На этом Джанфилиппо отпустил Давиде. Он недолго смотрел ему вслед, пока тот шёл по коридору. Затем он вернулся к двум женщинам, сел между ними и погладил Бенедетту по руке.
– Странный тип твой брат… Но мне он понравился. Жаль, что он занят сегодня.
– Ага.
– Точнее, нам он понравился. Я только говорила Габриелле, как было бы здорово, если… Да, в общем, может, позвать его к нам на виллу…
Джанфилиппо сразу понял, на что она намекает:
– Да, было бы прекрасно. Только у моего брата есть одна маленькая проблема…
Бенедетта и Габриелла взглянули на него сначала с любопытством, а затем с беспокойством:
– Какая?
– Он не хочет быть счастливым.
Глава пятая
Андреа, закрыв глаза, слушал музыку в наушниках. Затем он открыл их и стал смотреть на Софию на видео. Её пальцы летали по клавиатуре, голова была низко наклонена, волосы опустились перед её лицом, подпрыгивая вместе с её движениями, – она была вся поглощена своими нотами.
Её каштановые волосы посветлели, как будто выцвели. Шёл сентябрь, её последний концерт.
Андреа смотрел на неё, камера приблизилась к её лицу так, что в кадре оказался её профиль. София играла последнюю часть концерта с закрытыми глазами. Андреа двигался в такт с ней, качал головой и всем телом, слушая произведение, последние его ноты, такие искренние, такие трогательные. Против его воли по лицу скатилась слеза. Он продолжил покачивать головой и не мог понять, вызвана ли эта печаль самой этой съёмкой, сделанной на сцене консерватории ещё тогда, когда он мог передвигаться, или она вызвана тем, что всё это было в прошлом. София больше не играла. Она словно забыла свой невероятный, столь часто воспеваемый талант, выбросила его на чердак, как что-то ненужное. Как нераспакованный подарок, как не случившийся поцелуй.
Пока на видео раздавались громогласные аплодисменты, он внезапно почувствовал, что за ним наблюдают, и опустил экран компьютера.
Перед ним стояла София восемь лет спустя.

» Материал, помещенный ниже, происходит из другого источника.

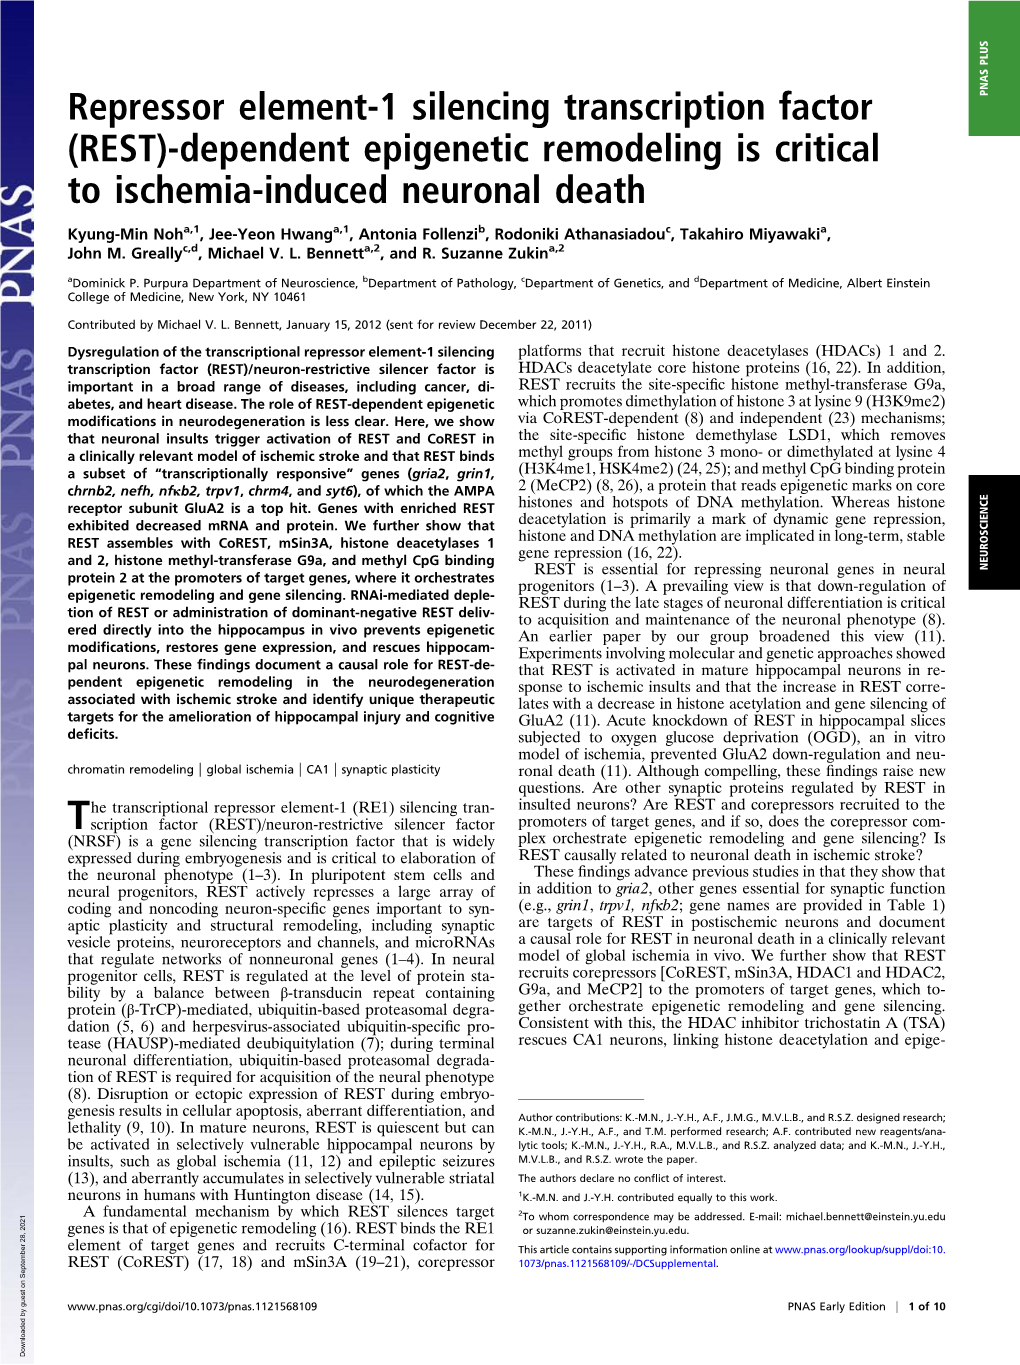 Dependent Epigenetic Remodeling Is Critical to Ischemia-Induced Neuronal Death

– Э, с кем это ты там переписываешься? Я ревную.
Андреа снял наушники:
– Привет, дорогая, я не слышал, как ты пришла. – Он улыбнулся ей и попытался переставить компьютер на тумбочку, но ему это далось тяжело, словно даже маленькие тяжести были для него неподъёмны, как непреодолимая трудность. София тут же поддержала его за бок и помогла ему. – Нет, оставь его тут… Может, я потом ещё посижу.
– Я переставлю потом, когда буду уходить.
– Ох…
– Что это значит?
– Да нет, просто ты опять уйдёшь…
– Дорогой, ты, может, не помнишь, но я вроде как… каждый день хожу на работу.
– Мне просто так странно, что ты занимаешься преподаванием. Ты могла бы зарабатывать в сто раз больше, если бы давала концерты, на которые съезжалось бы полмира. А вместо этого ты хочешь преподавать музыку в школе.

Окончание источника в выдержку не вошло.